5.1.1 Return and multi-output
╌╌╌╌╌╌╌╌╌╌╌╌╌╌╌╌╌╌╌╌╌╌╌╌╌╌╌╌╌
The default return value is text except for when tools are called, in
which case it is a record of the return values of the tools called.
Models can potentially return many types of information, though, so
the `multi-output' option was added to the `llm-chat' calls so that
the single return value can instead be a plist that represents the
various possible values. In the case of `llm-chat', this plist is
returned, in `llm-chat-async', it is passed to the success function.
In `llm-chat-streaming', it is passed to the success function, and
each partial update will be a plist, with no guarantee that the same
keys will always be present.
The possible plist keys are:
• `:text' , for the main textual output.
• `:reasoning', for reasoning output, when the model separates it.
• `:tool-uses', the tools that the llm identified to be called, as a
list of plists, with `:name' and `:args' values.
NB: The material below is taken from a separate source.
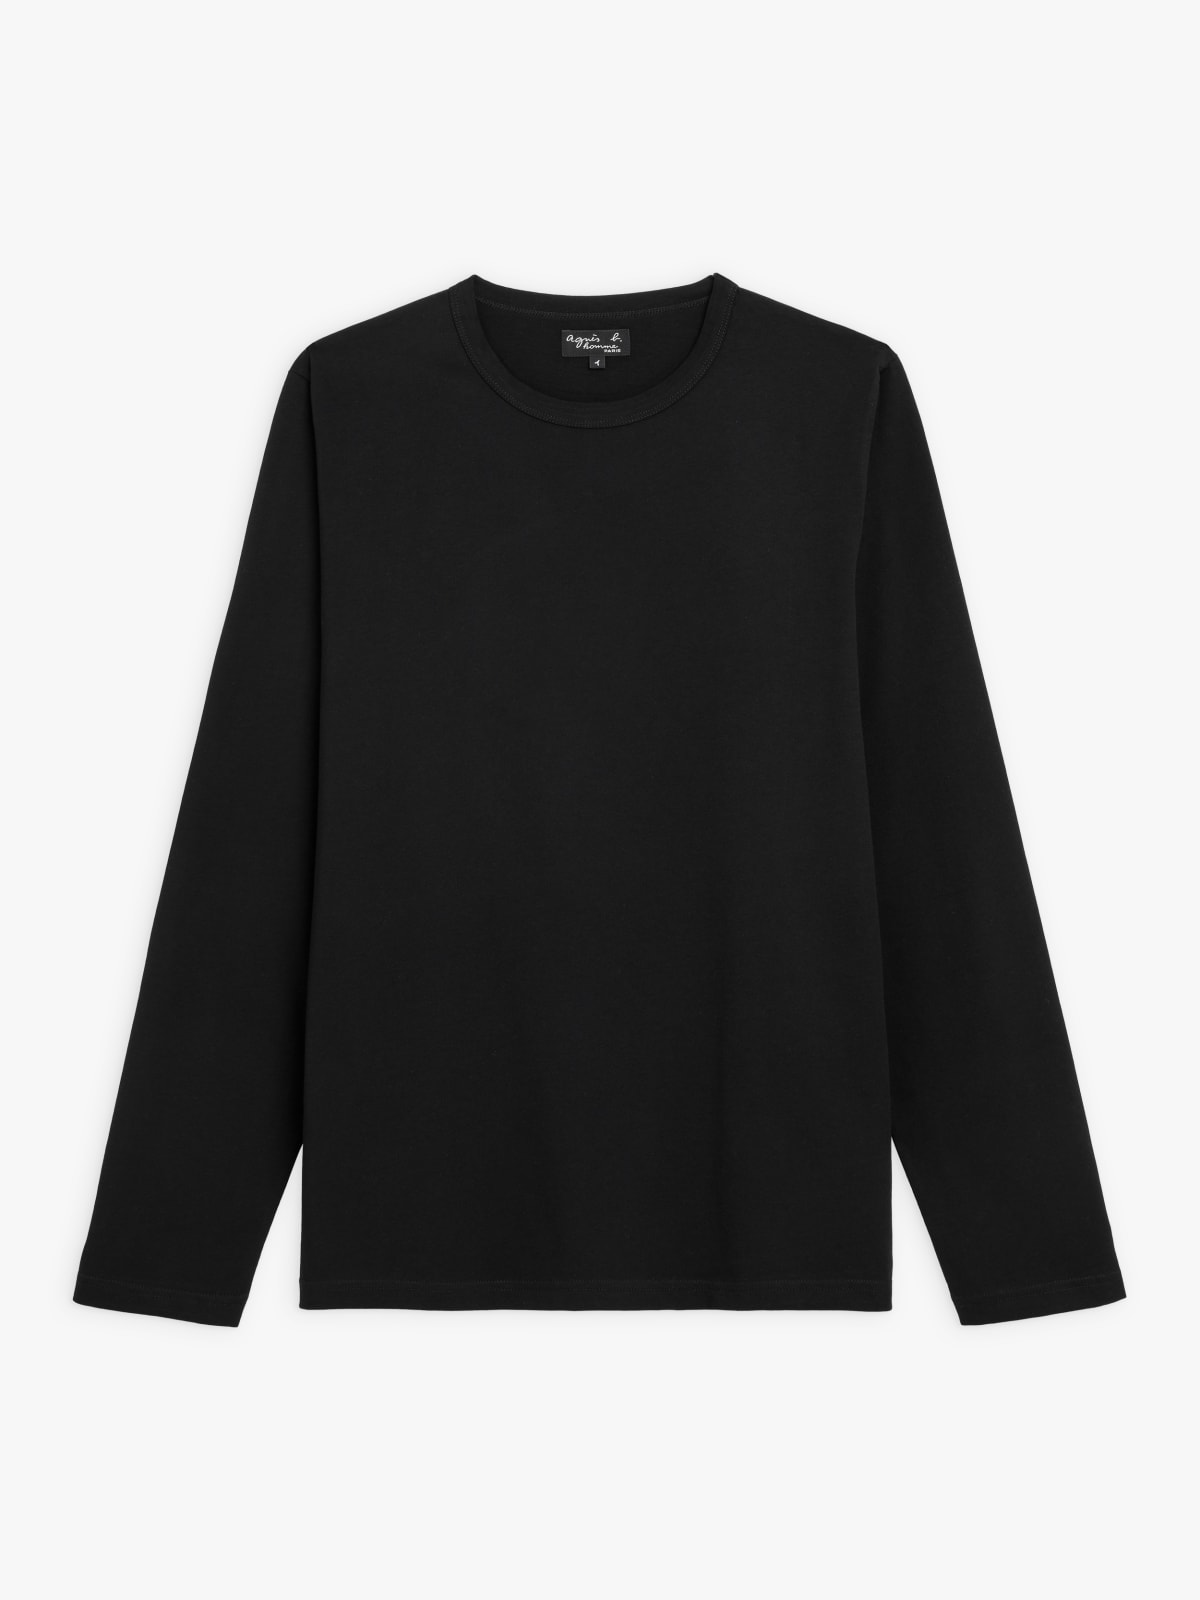 black long sleeves Coulos t-shirt

• `:tool-results', the results of calling the tools.
5.1.2 JSON schema
╌╌╌╌╌╌╌╌╌╌╌╌╌╌╌╌╌
By using the `response-format' argument to `llm-make-chat-prompt', you
can ask the LLM to return items according to a specified JSON schema,
based on the [JSON Schema Spec]. Not everything is supported, but the
most commonly used parts are. To specify the JSON schema, we use a
plist-based approach. JSON objects are defined with `(:type object
:properties (:<var1> <schema1> :<var2> <schema2> ... :<varn>
<scheman>) :required (<req var1> ... <req varn>))'. Arrays are
defined with `(:type array :items <schema>)'. Enums are defined with
`(:enum [<val1> <val2> <val3>])'. You can also request integers,
strings, and other types defined by the JSON Schema Spec, by just
having `(:type <type>)'. Typically, LLMs often require the top-level
schema object to be an object, and often that all properties on the
top-level object must be required.
Some examples:
┌────
│ (llm-chat my-provider (llm-make-chat-prompt
│ "How many countries are there? Return the result as JSON."
│ :response-format
│ '(:type object :properties (:num (:type "integer")) :required ["num"])))
└────
┌────
│ (llm-chat my-provider (llm-make-chat-prompt
│ "Which editor is hard to quit? Return the result as JSON."
│ :response-format
│ '(:type object :properties (:editor (:enum ["emacs" "vi" "vscode"])
│ :authors (:type "array" :items (:type "string")))
│ :required ["editor" "authors"])))
└────
[JSON Schema Spec] <https://json-schema.org>
5.2 Logging
───────────
Interactions with the `llm' package can be logged by setting `llm-log'
to a non-nil value. This should be done only when developing. The
log can be found in the `*llm log*' buffer.
5.3 How to handle conversations
───────────────────────────────
Conversations can take place by repeatedly calling `llm-chat' and its
variants. The prompt should be constructed with
`llm-make-chat-prompt'. For a conversation, the entire prompt must be
kept as a variable, because the `llm-chat-prompt-interactions' slot
will be getting changed by the chat functions to store the
conversation. For some providers, this will store the history
directly in `llm-chat-prompt-interactions', but other LLMs have an
opaque conversation history. For that reason, the correct way to
handle a conversation is to repeatedly call `llm-chat' or variants
with the same prompt structure, kept in a variable, and after each
time, add the new user text with `llm-chat-prompt-append-response'.
The following is an example:
┌────
│ (defvar-local llm-chat-streaming-prompt nil)
│ (defun start-or-continue-conversation (text)
│ "Called when the user has input TEXT as the next input."
│ (if llm-chat-streaming-prompt
│ (llm-chat-prompt-append-response llm-chat-streaming-prompt text)
│ (setq llm-chat-streaming-prompt (llm-make-chat-prompt text))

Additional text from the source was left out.